Of bounces, balloons, and porpoises

Recognizing a mistake and correcting it is often as important as preventing it

Recognizing a mistake and correcting it is often as important as preventing it

There isn’t a person in aviation who hasn’t experienced a healthy, often embarrassing—and sometimes dangerous—balloon or bounce on landing. Balloons and bounces are simple facts of aviation life and difficult to avoid, but it’s important to recognize which is which and know what to do when we find ourselves fully engaged in one or the other.
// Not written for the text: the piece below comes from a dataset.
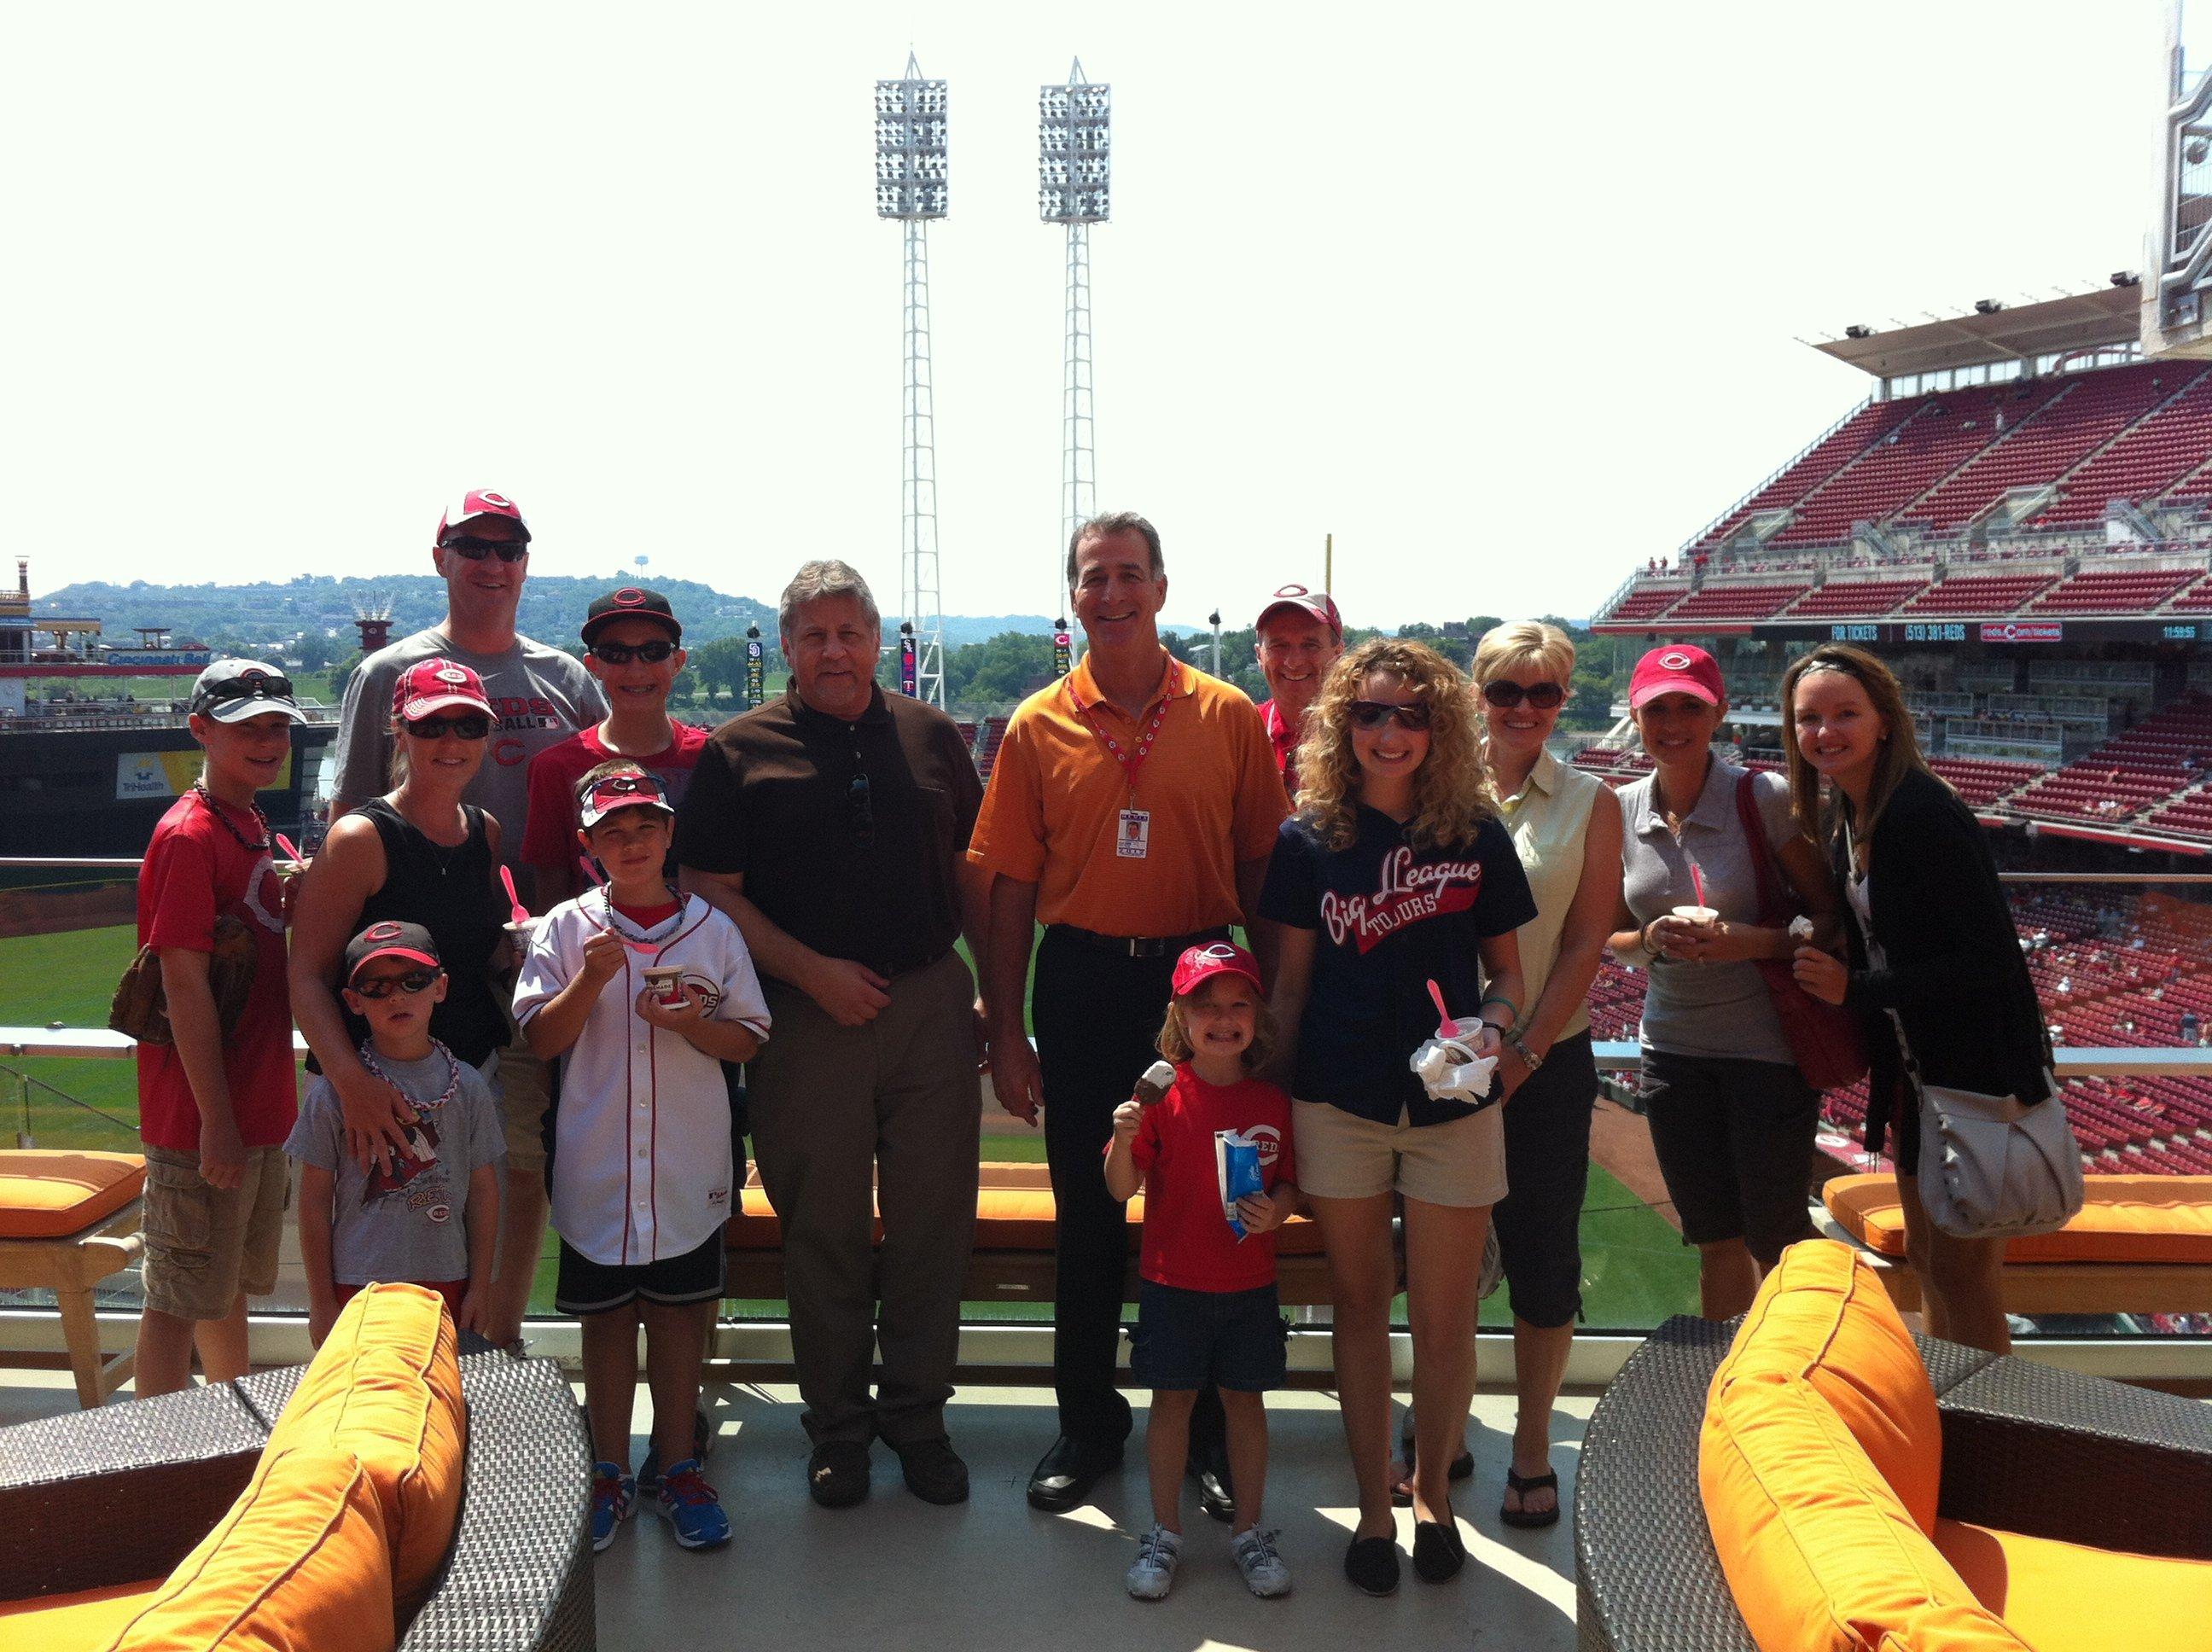 baseball road trip,baseball tour,great american ballpark,cincinnati,reds

Defining balloons and bounces may help identify something in our landing technique that we can change to prevent them or make them less severe. One difficulty in defining balloons, bounces, and associated phenomena is that they often blend together at the edges. A balloon, for instance, can easily lead to a bounce, and one bounce can lead to a string of baby bounces. So, the way we initially react is critical as to what’s going to happen next.

Energy management: the common factor. When an airplane crosses the runway threshold, it possesses two types of energy: kinetic (borne of its speed) and potential (a function of its altitude). These are fundamentally intertwined. When the airplane is in the flare, we can easily trade one type of energy for the other unintentionally. This is especially true if there’s a surplus of either form of energy, e.g. the airplane is too fast, too high, or both. Too much speed can easily become too much altitude, and too much altitude can become too much speed.

There’s an endless number of combinations and permutations of speed and altitude that one can have in the flare (too high/low, too fast/slow, too abrupt on controls, gusts, thermal lift on hot runways, et cetera) so the subject can get incredibly complex. For that reason, let’s try to stick to the middle-of-the-envelope, most commonly occurring situations and explanations.

The balloon: excess energy and its tradeoffs. For this discussion we’re defining a balloon as that seemingly uncommanded, and definitely unwanted, gain of altitude that sometimes occurs when we pull the airplane level in ground effect. The airplane magically “balloons” upward and surprises us.

There are two primary reasons balloons happen: excess airspeed (kinetic energy) and too much pressure on the elevator in the flare for the speed at hand.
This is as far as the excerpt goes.